Once in a while you get so lucky it's spooky. In a typical galaxy like the Milky Way, a supernova explodes once every 50 years on average. So what was the chance that the first moments of a supernova would occur while NASA's Swift X-ray satellite happened to be trained on just the right galaxy?
Today the journal Nature and several dozen astronomers announced just such an event, along with the results of four months of followup observations.
What we are used to calling "a supernova" is really just a supernova's afterglow. A "new star" is seen growing brighter and brighter for 1 to 3 weeks, then fading back down for many months. But this is just the expanding debris shell of a star that actually took only seconds or minutes to blow apart. The debris even shines by a delayed, time-release effect: the slow radioactive decay of nickel-56 that got cooked up in the brief blast itself.
A supernova's actual energy release is pretty much complete even before the blast wave inside the star (moving at a good fraction of the speed of light) gets to the star's surface. After that it's really all over but the shouting.
On January 9th, Alicia Soderberg and Edo Berger (Princeton University) were using Swift's X-ray telescope to observe the fading glow of Supernova 2007uy, which had gone off a month earlier in the galaxy NGC 2770, 90 million light-years away in Lynx. During their observation, an overwhelming X-ray blaze appeared in a different part of the galaxy. It brightened rapidly for one minute, then faded away over the next several minutes.
They quickly alerted other orbiting and ground-based observatories. In the following days, the X-ray blaze turned out to mark the site of a new, ordinary supernova of Type Ibc swelling into view. It was designated Supernova 2008D, since it was the fourth discovered in 2008.
A Type-Ibc blast results when the dense iron core of a hydrogen-depleted, massive but compact blue-giant star (a Wolf-Rayet star) collapses in on itself to form a tiny neutron star or black hole. At least that's what astronomers have every reason to believe. The gravitational energy released by the internal collapse is more than enough to blow the rest of the star to pieces and send its material flying out at a few percent of the speed of light. But the details of how this works are still somewhat mysterious.

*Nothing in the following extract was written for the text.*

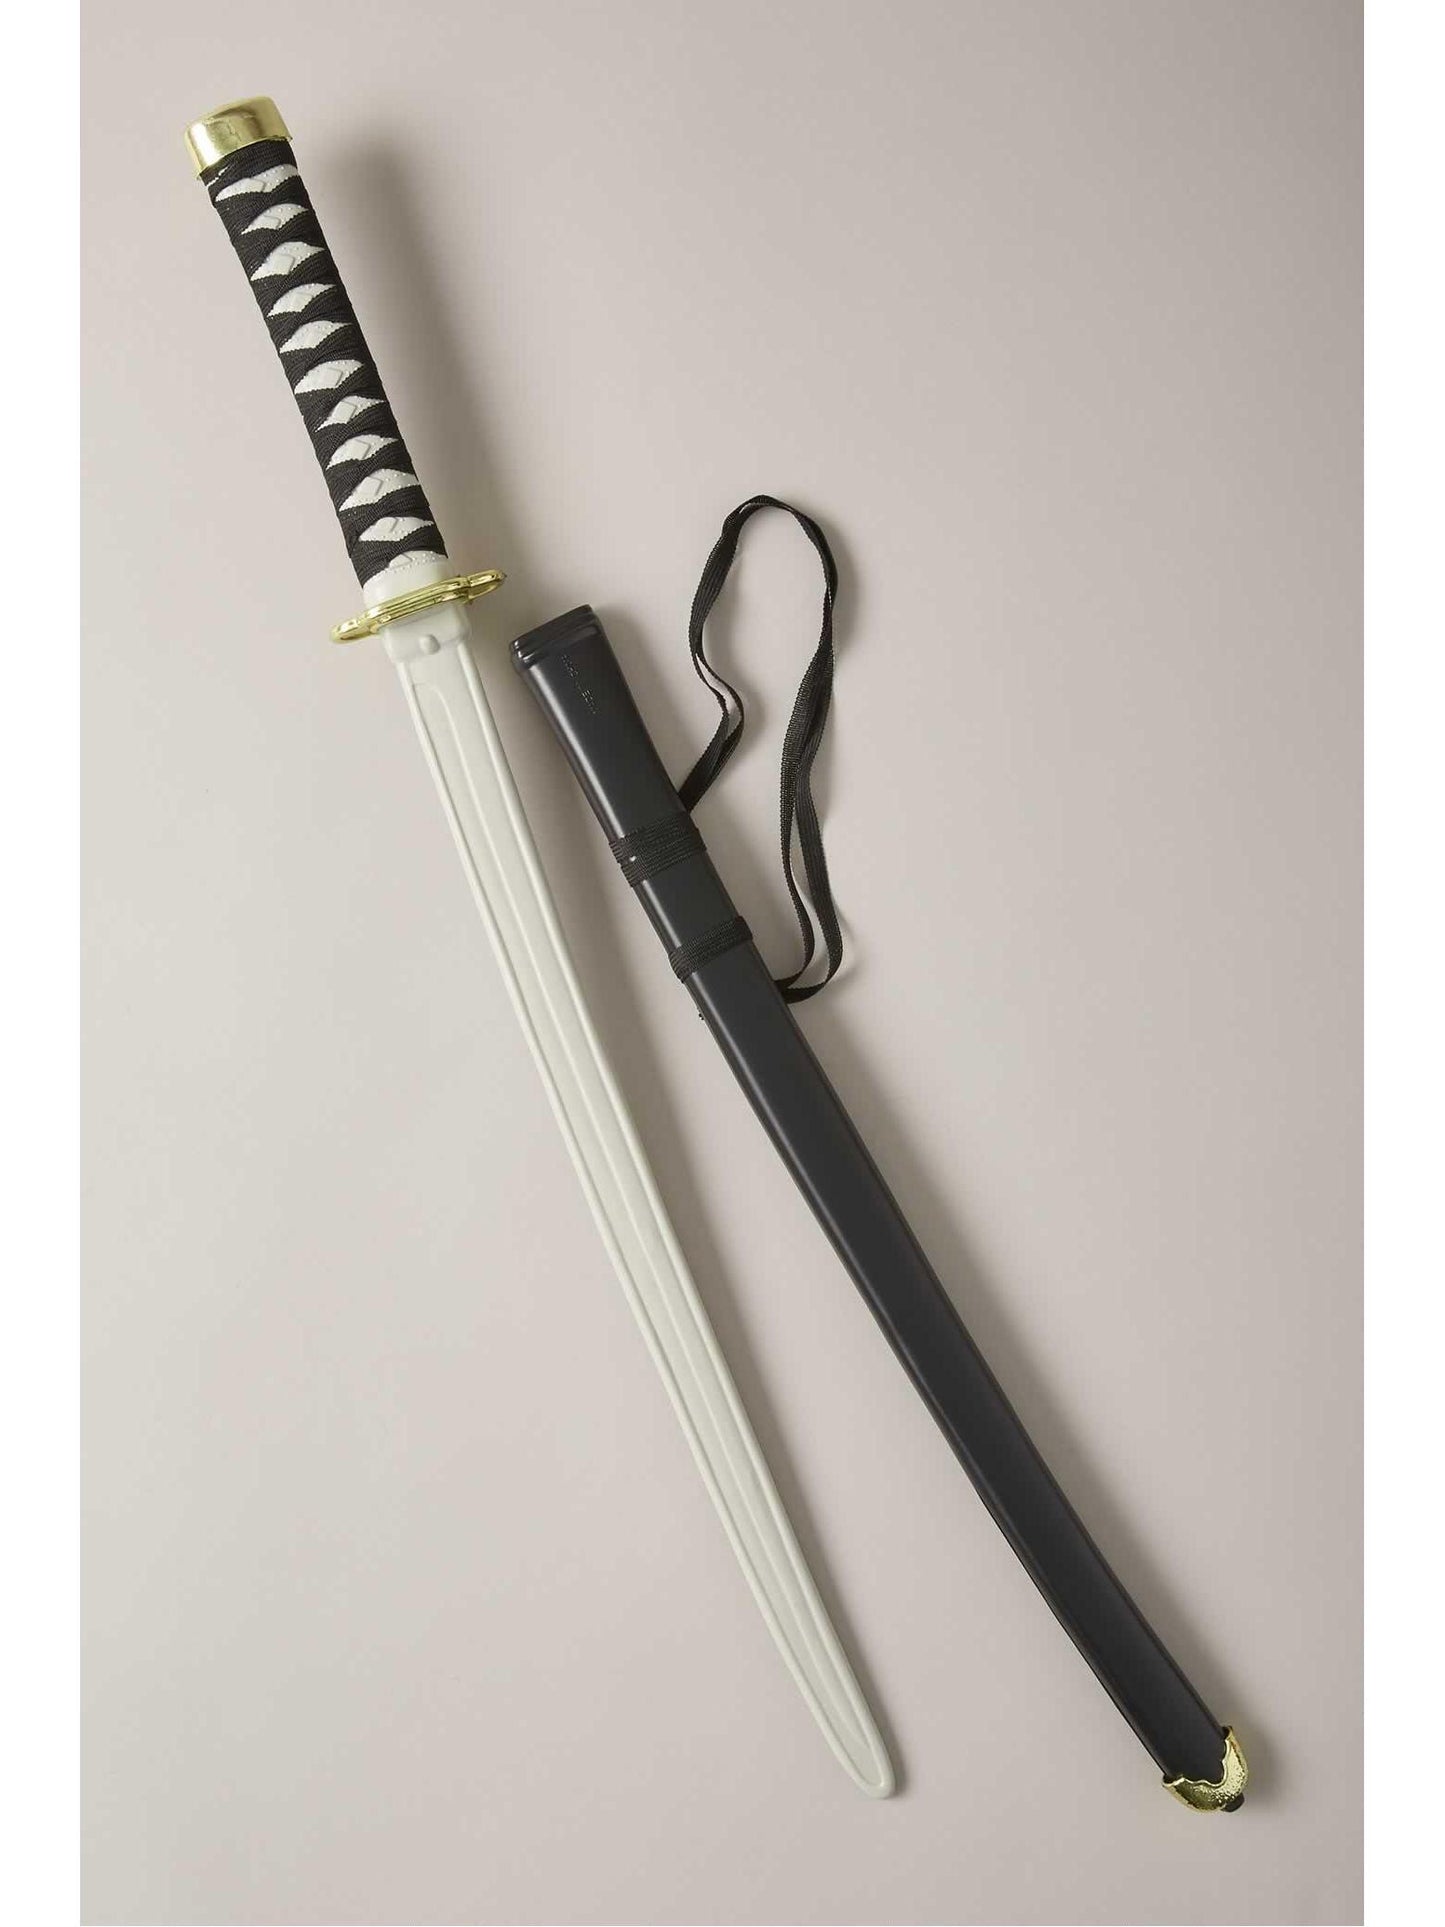 Ninja Sword and Sheath

For nearly 40 years, astronomers have known that the first visible sign of a core-collapse supernova ought to come when the shock wave from the center erupts through the star's surface. The shock wave should suddenly heat the surface to ultraviolet- and X-ray-hot temperatures and send it expanding out fast. So, a sudden UV and X-ray flare should be a supernova's first observable event (aside from a pulse of neutrinos, and perhaps gravitational waves, from the core collapse itself).
That's what Swift saw. Interestingly, spectra taken soon after showed no sign of jets being emitted near the speed of light — ruling out the possibility that this was a gamma-ray burster that was aimed away from us. A small fraction of Type-Ibc supernovae do produce gamma-ray bursts, but Soderberg and her 37 co-authors find no sign that this blast was anything but round and relatively low-velocity. Their discovery paper appears in the May 22nd issue of Nature.
However, on May 17th a different group of 42 researchers issued its own major paper describing extensive brightness and spectral data on Supernova 2008D, ranging from two hours to nearly four months after the shock-wave breakout. They do find signs (in the late data) that the blast went off asymmetrically.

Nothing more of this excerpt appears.